Companies producing or trading in easily identifiable inventories use
the method of specific identification. Cars, airplanes and ships
can serve as examples. Each item of inventory is marked, tagged or coded
with its "specific" unit cost. This method allows costing of
inventory based on its actual physical flow.
Specific
identification is an actual physical flow inventory costing method
in which items still in inventory are specifically costed to arrive at
the total cost of the ending inventory.
This method is difficult to apply by companies that deal with massive
inventory volumes with low unit costs. For instance, it will be hard for
a grocery store to keep track of soup cans acquired at different costs.
Therefore, grocery stores and similar entities do not apply the method
of specific identification.
There is one aspect of the specific identification method that should
be mentioned. Namely, management can manipulate the cost of goods sold
by selecting which cost will be used in a particular sale transaction.

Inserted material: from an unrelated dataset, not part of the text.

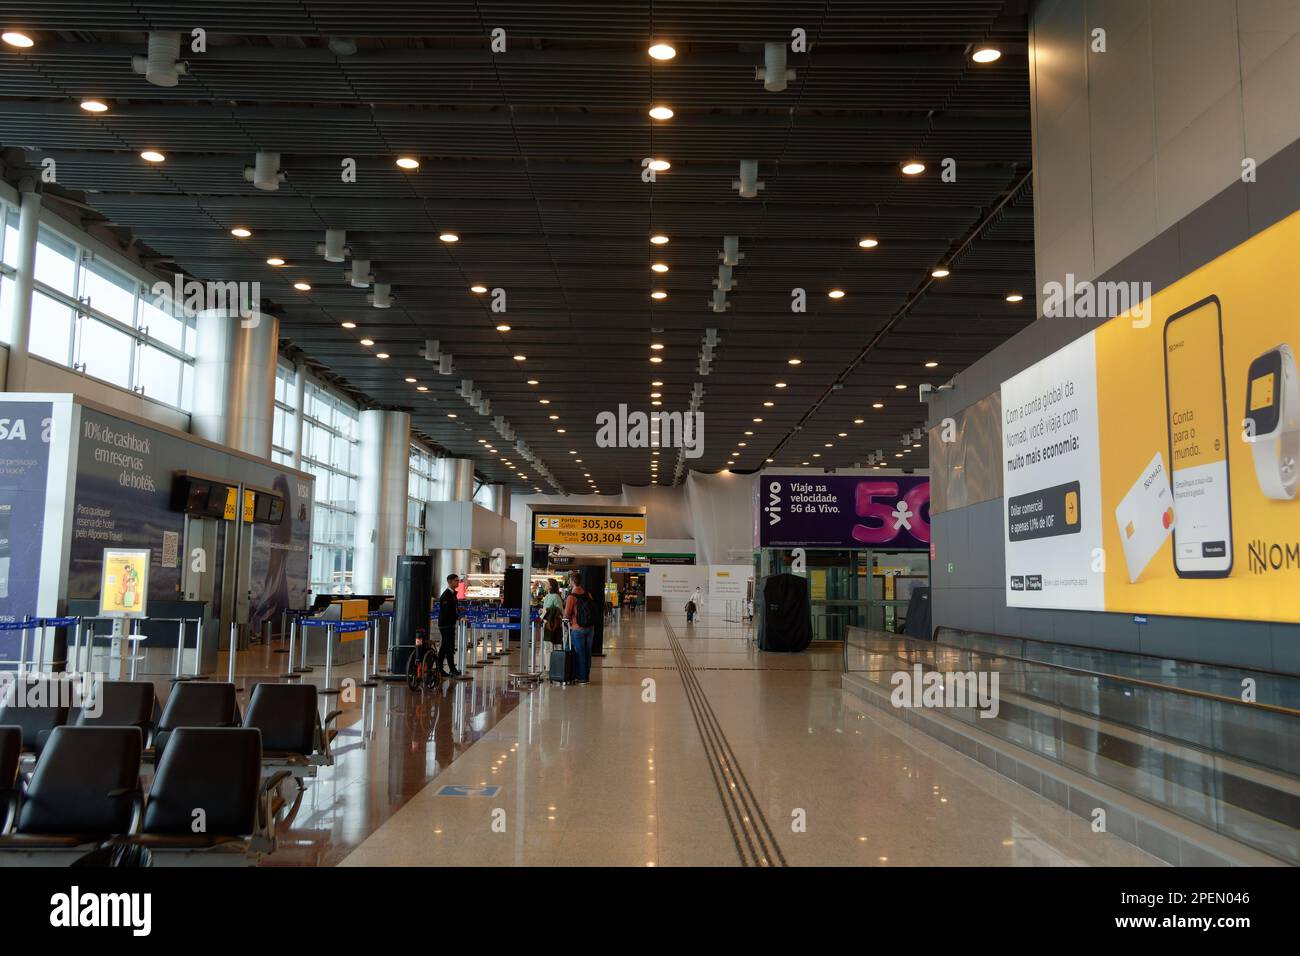 Internationaler Flughafen Sao Paulo/Guarulhos - Abflugterminal. Gouverneur Andre Franco Montoro International Airport auch bekannt als Cumbica Airport. Stockfoto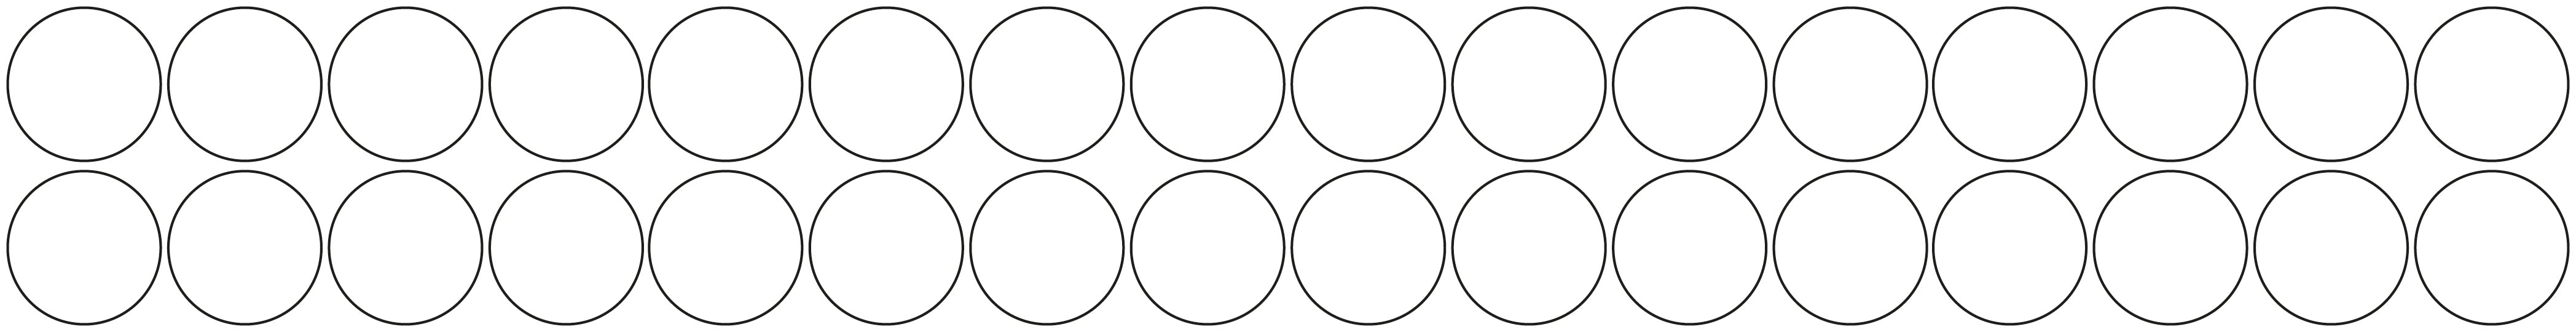 3M White/Silver Reflective Circles - 1m Roll 60mm Circles

For example, suppose a dealership sells cars. One day the dealership has
two identical cars on sale, a Ford costing $5,000 (that was purchased
by the company first) and a Ford costing $5,500 (that was acquired by
the company after the first Ford). A customer does not care which Ford
to get as long as both Fords are identical. However, if the company wants
to increase the cost of goods sold (respectively, decrease income), management
may sell the $5,500 Ford; if visa versa, then the company may sell the
$5,000 Ford. Because the two Fords are identical in physical characteristics
and selling price, the customer does not see a difference between the
two Fords. However, the dealership may use this to their advantage and
manipulate financial statements numbers.